🎩Calvin Coolidge
30th President · 1923–1929 · Republican
Calvin Coolidge succeeded to the presidency when Warren G. Harding died, and his father — a Vermont notary public — administered the oath of office by kerosene lamp at 2:47 AM on August 3, 1923. Coolidge was famously taciturn ("Silent Cal") and famously fiscally conservative. His five and a half years presided over most of the economic boom of the Roaring Twenties — a boom that ended disastrously seven months after he left office.
Quick Facts
- Born
- July 4, 1872 — Plymouth Notch, Vermont
- Died
- January 5, 1933 — Northampton, Massachusetts
- Party
- Republican
- Vice President
- Charles G. Dawes
- Predecessor
- Warren G. Harding
- Successor
- Herbert Hoover
- Known For
- Silent Cal; Roaring Twenties prosperity; fiscal conservatism
The Massachusetts Governor
Coolidge was born on the 4th of July (the only U.S. president so born) and rose through Massachusetts Republican politics. As governor, his crisp 1919 handling of the Boston Police Strike — telegraphing that "there is no right to strike against the public safety by anybody, anywhere, any time" — made him a national figure. He was placed on the 1920 Republican ticket as Harding's running mate.
Quiet Restoration
After Harding's death, Coolidge quietly distanced himself from the corrupt Ohio Gang and restored trust in the presidency. He won the 1924 election decisively. His administration's philosophy was famously simple: "The chief business of the American people is business." He cut taxes repeatedly, reduced federal spending, and left the economy largely to itself.
The Roaring Twenties
Most of Coolidge's presidency was boom time. GDP grew sharply, unemployment fell below 5%, consumer credit and stock-market investment surged, and Americans bought the first mass-produced cars, radios, and appliances. Critics later argued that under-regulation of banks and the stock market during Coolidge's term set the stage for the crash of 1929; Coolidge himself expressed private worry about speculation before leaving office.
I Do Not Choose to Run
In August 1927, Coolidge surprised the country with a laconic statement: "I do not choose to run for president in 1928." He declined re-nomination, opening the door for Commerce Secretary Herbert Hoover. Coolidge retired to Northampton, Massachusetts and died in January 1933, midway through the Great Depression that his successor had been unable to halt.
Coolidge Trivia
- He is the only president born on the Fourth of July.

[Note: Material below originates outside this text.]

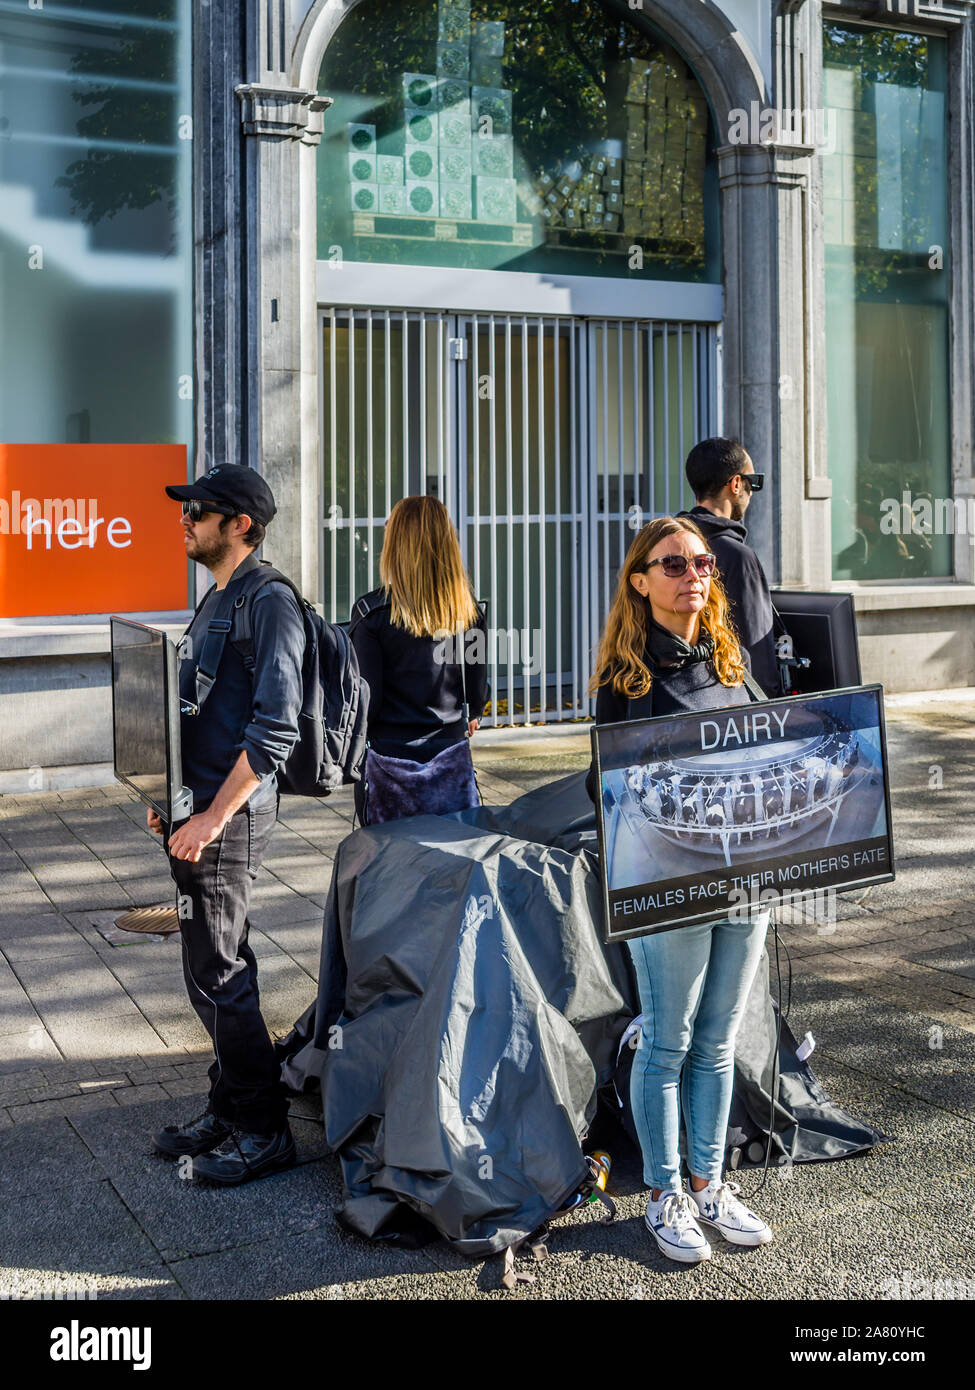 Silent protest about veganism and animal rights - Antwerp, Belgium. Stock Photo

- A White House dinner guest bet she could get Coolidge to say more than two words; his reply was "You lose."
- Coolidge signed the Indian Citizenship Act of 1924, granting U.S. citizenship to all Native Americans born in the United States.
- He kept a pet raccoon named Rebecca in the White House.
- Herbert Hoover, his successor, later said, "Had Coolidge been President, there would have been no Great Depression."